▶ To do: Extract every line of the material that holds the string "background".

▶ Task data:
- Opening Delimiter -
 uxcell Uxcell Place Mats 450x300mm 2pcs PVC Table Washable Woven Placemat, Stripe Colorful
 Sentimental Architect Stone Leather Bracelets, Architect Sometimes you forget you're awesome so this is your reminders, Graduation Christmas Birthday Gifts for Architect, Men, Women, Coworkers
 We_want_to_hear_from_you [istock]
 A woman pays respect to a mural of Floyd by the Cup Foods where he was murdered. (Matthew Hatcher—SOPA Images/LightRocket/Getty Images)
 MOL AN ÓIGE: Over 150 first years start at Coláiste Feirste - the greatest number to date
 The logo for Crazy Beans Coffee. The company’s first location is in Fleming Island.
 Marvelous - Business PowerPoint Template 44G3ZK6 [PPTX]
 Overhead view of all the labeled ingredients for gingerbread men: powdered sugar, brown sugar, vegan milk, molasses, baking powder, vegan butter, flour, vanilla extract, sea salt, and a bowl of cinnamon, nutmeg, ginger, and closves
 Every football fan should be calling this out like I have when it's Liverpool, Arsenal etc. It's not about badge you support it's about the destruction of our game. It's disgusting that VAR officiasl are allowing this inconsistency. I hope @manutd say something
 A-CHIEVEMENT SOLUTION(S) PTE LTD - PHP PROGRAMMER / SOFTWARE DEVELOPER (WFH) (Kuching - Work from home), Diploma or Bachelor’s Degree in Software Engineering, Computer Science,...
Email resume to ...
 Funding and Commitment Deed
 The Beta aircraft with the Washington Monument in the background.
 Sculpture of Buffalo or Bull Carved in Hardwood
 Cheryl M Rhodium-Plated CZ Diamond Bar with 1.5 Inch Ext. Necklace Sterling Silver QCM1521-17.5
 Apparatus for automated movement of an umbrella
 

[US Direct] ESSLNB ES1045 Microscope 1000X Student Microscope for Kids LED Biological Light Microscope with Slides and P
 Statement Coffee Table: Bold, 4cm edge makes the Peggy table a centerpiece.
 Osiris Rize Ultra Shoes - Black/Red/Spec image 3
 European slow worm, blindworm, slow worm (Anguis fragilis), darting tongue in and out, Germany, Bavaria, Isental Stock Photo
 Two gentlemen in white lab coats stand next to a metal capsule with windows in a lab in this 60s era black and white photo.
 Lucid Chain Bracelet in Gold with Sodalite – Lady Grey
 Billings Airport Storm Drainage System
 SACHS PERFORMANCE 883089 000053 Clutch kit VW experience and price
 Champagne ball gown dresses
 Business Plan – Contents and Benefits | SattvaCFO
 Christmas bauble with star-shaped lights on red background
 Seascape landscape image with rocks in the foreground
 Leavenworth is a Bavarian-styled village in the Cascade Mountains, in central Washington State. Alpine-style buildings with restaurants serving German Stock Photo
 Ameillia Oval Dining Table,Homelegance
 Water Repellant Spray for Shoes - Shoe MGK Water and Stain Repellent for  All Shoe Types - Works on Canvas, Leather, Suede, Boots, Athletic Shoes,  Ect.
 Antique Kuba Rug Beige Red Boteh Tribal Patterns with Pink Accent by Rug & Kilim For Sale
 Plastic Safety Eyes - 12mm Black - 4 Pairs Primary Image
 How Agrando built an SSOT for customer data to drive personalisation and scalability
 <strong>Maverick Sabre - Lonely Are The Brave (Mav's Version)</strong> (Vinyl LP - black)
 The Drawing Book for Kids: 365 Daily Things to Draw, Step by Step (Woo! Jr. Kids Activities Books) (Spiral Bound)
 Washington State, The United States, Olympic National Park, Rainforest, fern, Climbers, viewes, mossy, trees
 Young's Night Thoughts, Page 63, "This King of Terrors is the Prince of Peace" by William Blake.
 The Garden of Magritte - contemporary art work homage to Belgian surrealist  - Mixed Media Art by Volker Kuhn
- Closing Delimiter -
▶ Result of this task:
 The Beta aircraft with the Washington Monument in the background.
 Christmas bauble with star-shaped lights on red background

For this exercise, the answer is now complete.